Found an article posted recently that nicely summarizes the Rust Language Maintenance process
A few things of note:
- Rust has a language spec, as all languages should have and almost all ‘big’ languages have. (Elixir really really badly needs a language spec).
- Rust since 1.0 does not break backwards compatibility (however there is a list of things to change at 2.0 ‘eventually’) and is split into 3 ‘levels’. There is ‘stable’, ‘beta’, and 'nightly.
- Nightly includes the new features, these may or may not proceed to ‘beta’ depending on whether it is determined that they should be or not (in general most are except for compiler plugin support as it is generally considered that it needs a better overall design). Every 6 weeks features that are considered ‘complete’ and useful are moved to ‘beta’.
- Beta includes features that are slated for release, they will only not be released if an egregious bug or design fault is encountered. Every 6 weeks the features that are considered “Well Tested” (popular ones may only need a single 6-week testing period, less popular ones may need more) are moved to ‘stable’.
- Stable is the full release, only including things that are in general considered well designed, well tested, and well useful. Tends to have a new release every 6 weeks I think.
- There is a rust-standard manager called ‘rustup’ that is the scaffolding for the rust system. By default it will install and use ‘stable’, but you can switch to stable/beta/nightly as well as any target-triple it can compile to (great for cross-compilation). It has about 90% overall community usage since Rust included it as it’s Official distribution manager (the rest tend to either manually manage their rust install or still use the old multirust manager).

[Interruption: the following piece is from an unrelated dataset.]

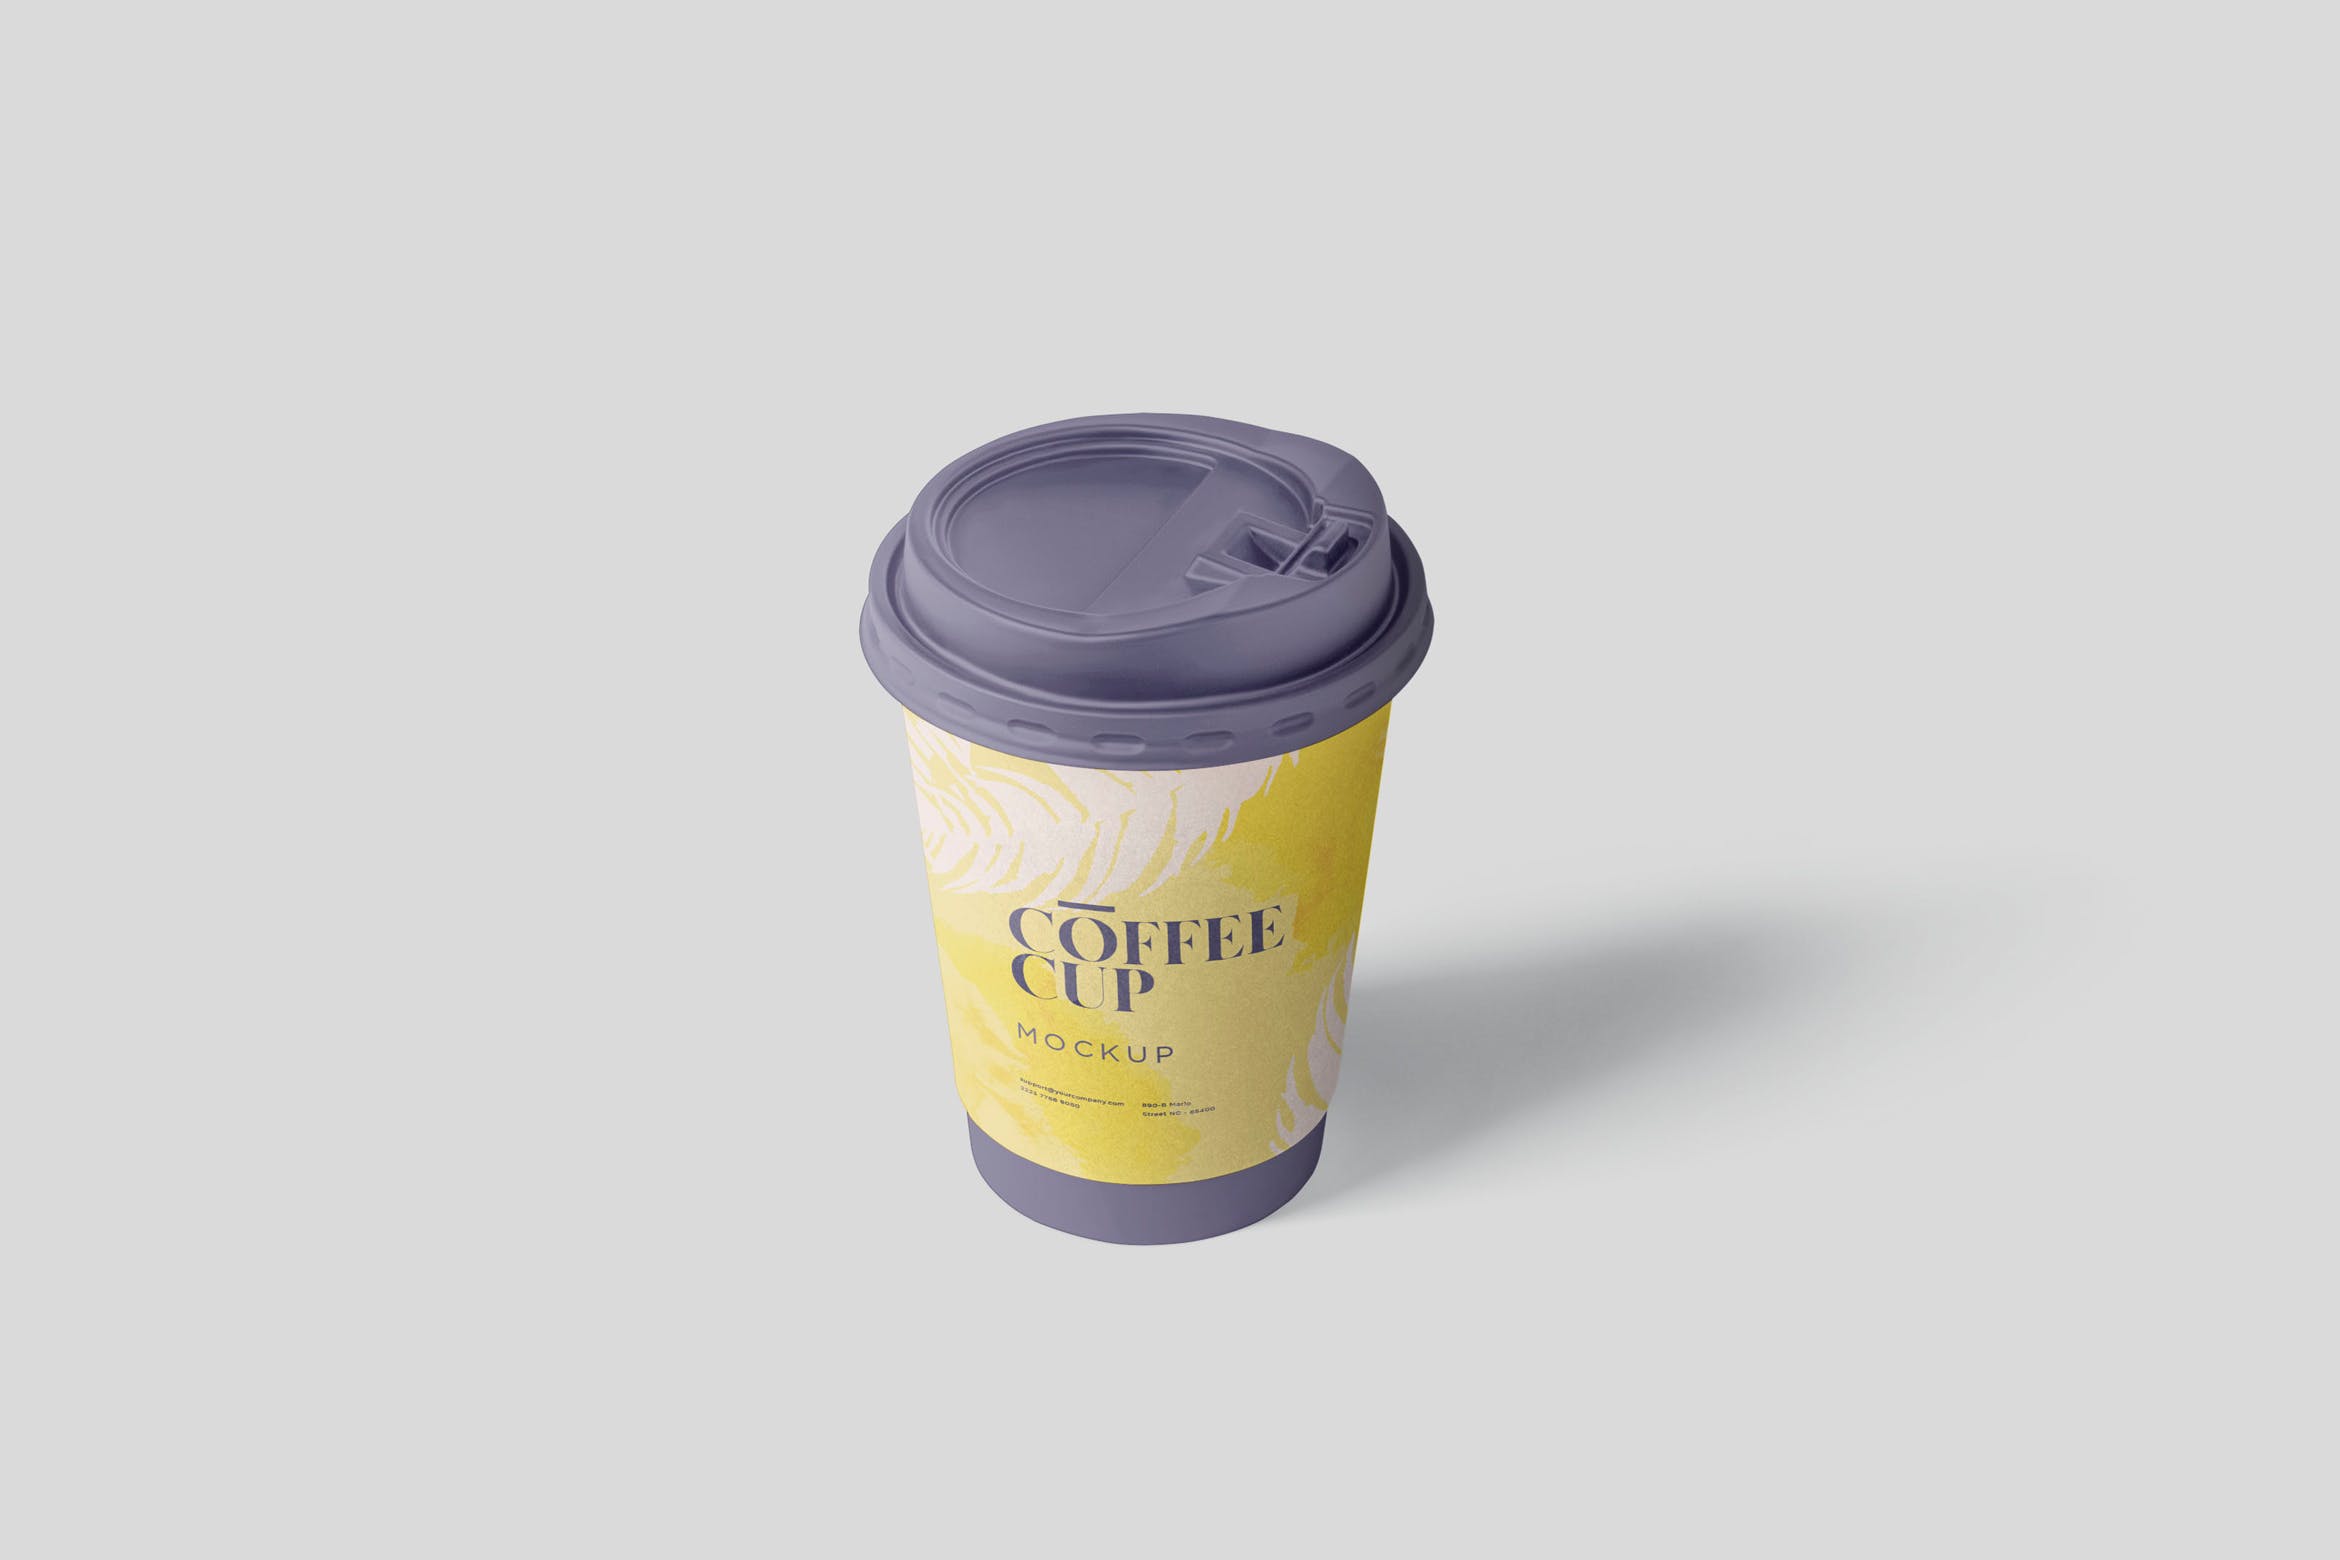 咖啡一次性纸杯设计效果图16图库精选 Coffee Cup Mockup插图

- New features are added to rust via RFC’s, living documents posted via standard markup to a rust-rfc specific repo. The purpose of this is to encourage discussion. If it gets no or negative discussion then it will eventually be closed by a bot. If it gets only positive discussion then it gets looked at by the main core programmers to vet and if it passes their worth/soundness/usefulness checks then it gets accepted. If it gets mixed discussion then it will be looked at by the core programmers to work out the overall worth, soundness, and usefullness of the feature to be vetted or not.

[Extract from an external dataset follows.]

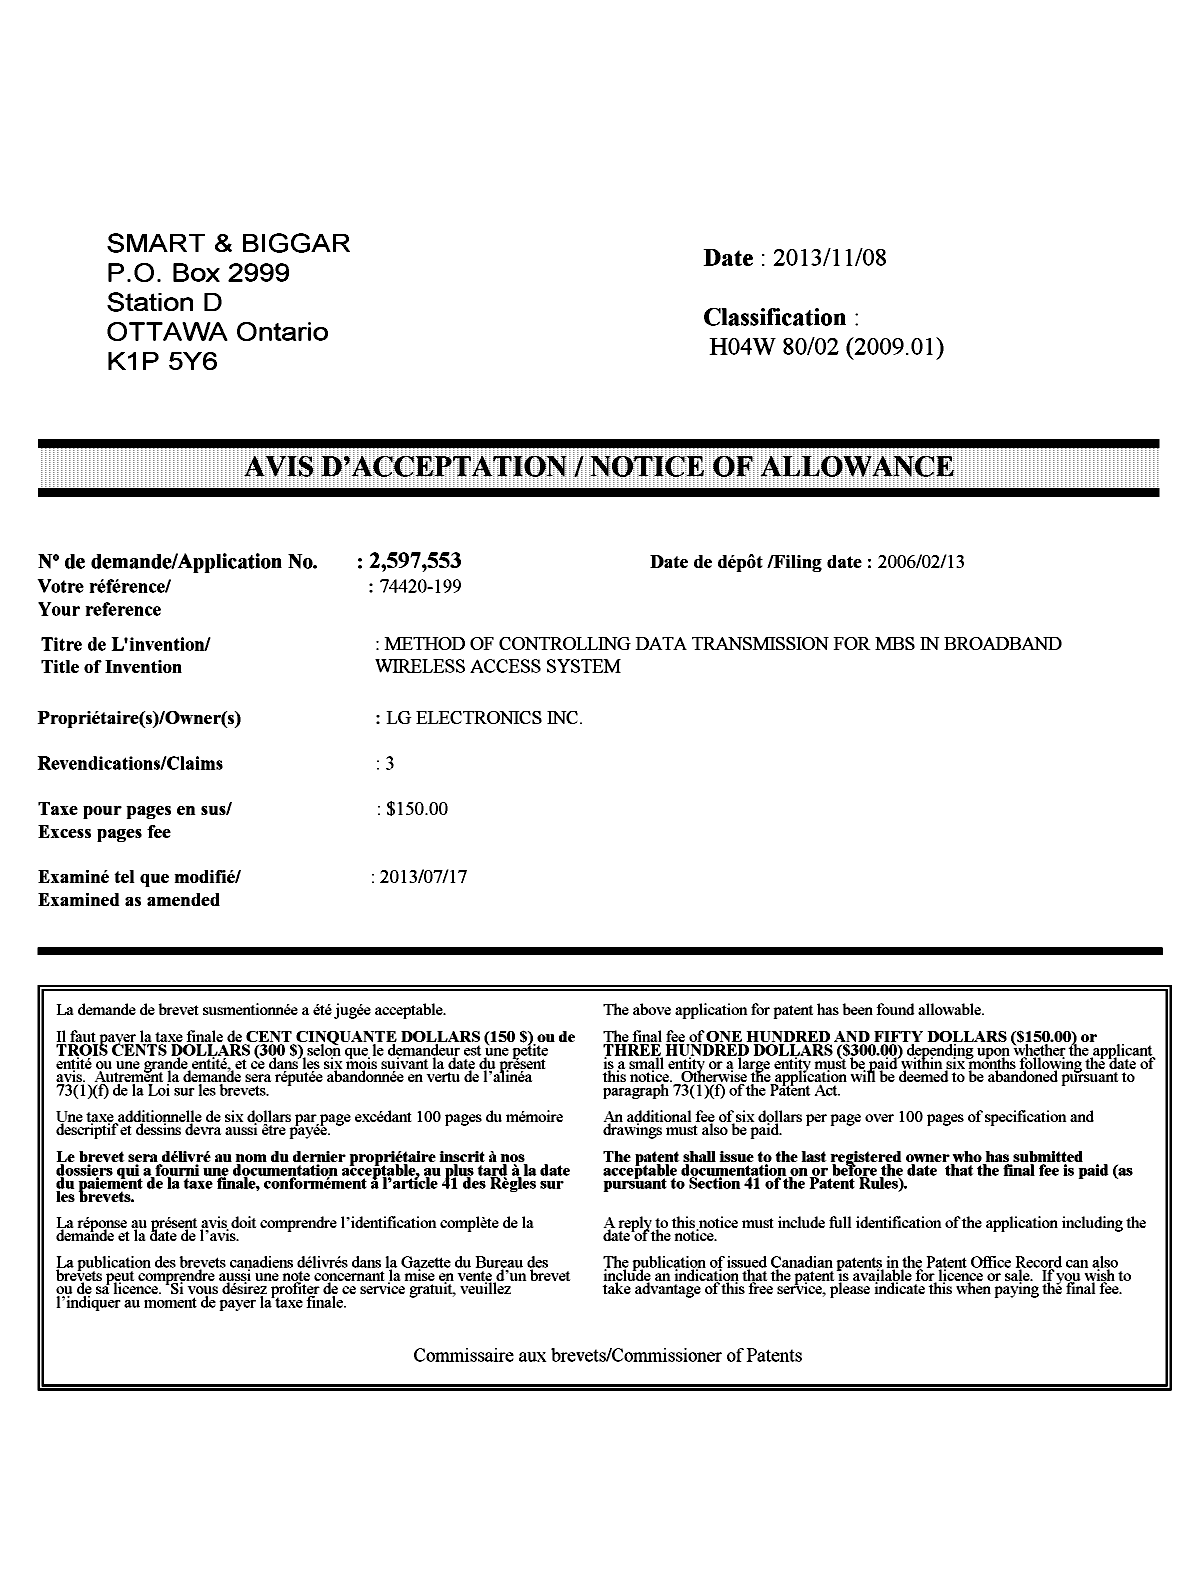 Document de brevet canadien 2597553. Correspondance 20131108. Image 1 de 1

- Once an RFC is accepted then it is open to the community to create a PR for or a core programmers will eventually get to it (generally depending on the idea popularity). Once a PR is made and is feature complete to the RFC with an appropriate test suite then it gets tested by a few bots and other core programmers, if all accept it then it gets merged into nightly.
Now admittedly Elixir is not big enough (yet) to need this whole process, but it might be worth absorbing some of the ideas.